TASK OBJECTIVE: The data below holds the lines to copy: everything from the line containing "papel saco em" to the line containing "Xinming Xm2-40 Interlocking", both ends included, set down exactly.

DATA PROVIDED:

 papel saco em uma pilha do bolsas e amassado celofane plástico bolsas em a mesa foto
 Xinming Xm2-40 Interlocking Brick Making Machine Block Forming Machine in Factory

...

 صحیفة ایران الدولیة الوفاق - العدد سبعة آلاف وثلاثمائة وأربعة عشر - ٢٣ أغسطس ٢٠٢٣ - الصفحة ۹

RESPONSE BOX:
 papel saco em uma pilha do bolsas e amassado celofane plástico bolsas em a mesa foto
 Xinming Xm2-40 Interlocking Brick Making Machine Block Forming Machine in Factory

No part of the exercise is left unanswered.